I’ve Watched Over 2,000 TED Talks. These Are My Favorites

Nadia Rawls
3 min readApr 4, 2020
Photo: Bret Hartman / TED

I worked at TED for five years, from 2013 to 2018, and in that time, I watched over 2,000 TED Talks. In fact, I saw many of them multiple times — first in rehearsal, then onstage, then on video, and often again in a shorter cut of the video. I’ve seen talks on absolutely every subject, including a truly unreasonable number of talks about baby coral.

When people hear that I worked at TED, they often ask me to recommend my favorite talk. I never have a good answer for them; it’s an impossible task.
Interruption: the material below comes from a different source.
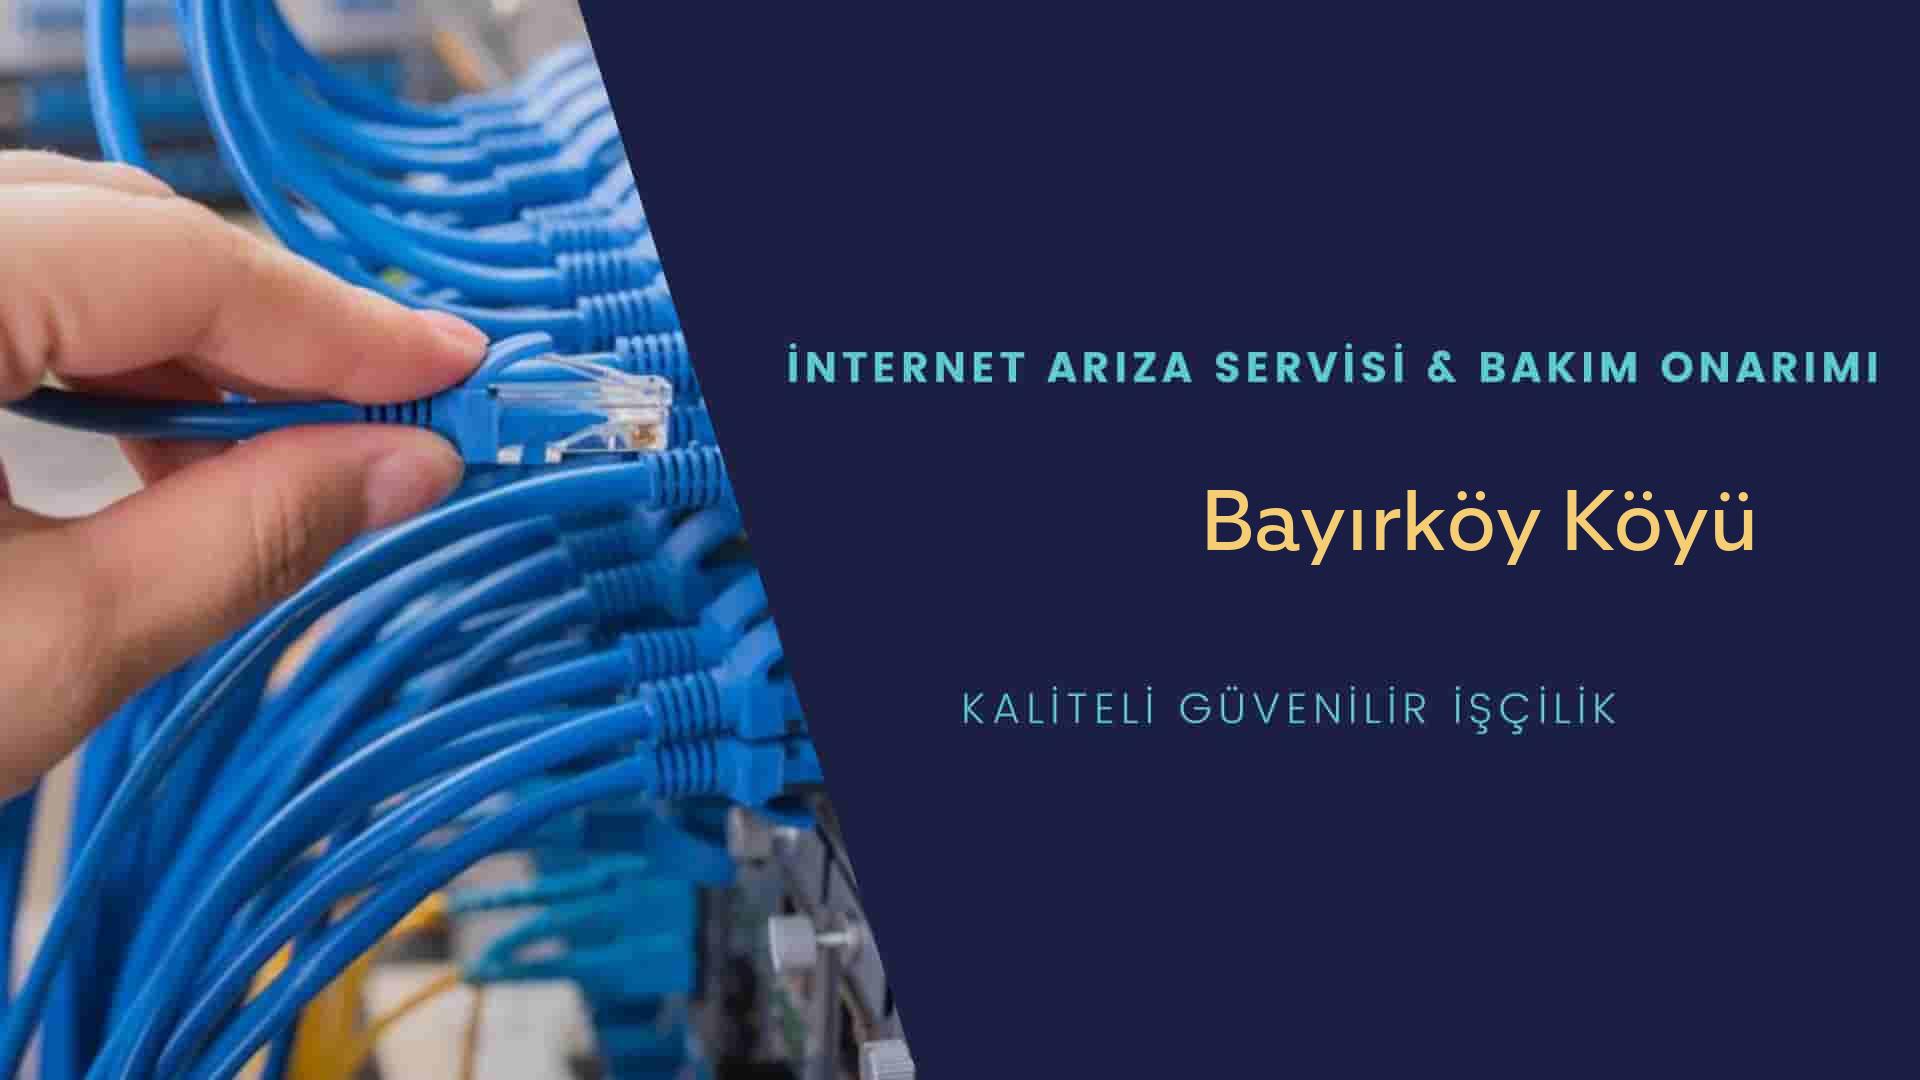 Bayırköy Köyü internet kablosu çekimi yapan yerler veya elektrikçiler mi? arıyorsunuz doğru yerdesiniz o zaman sizlere 7/24 yardımcı olacak profesyonel ustalarımız bir telefon kadar yakındır size.

TED Talks might sometimes feel formulaic or trite, but at their best, they are an extraordinary performance of human creativity, ingenuity, and connection, and the best of them have profoundly changed and shaped me. Choosing a favorite means choosing just one of the many ways that watching so many TED Talks has affected who I am and how I see the world, so I’ve never been keen to do it.

But since we all have more time on our hands now, here’s not just one favorite, but an exhaustive list of the talks I have loved and remembered.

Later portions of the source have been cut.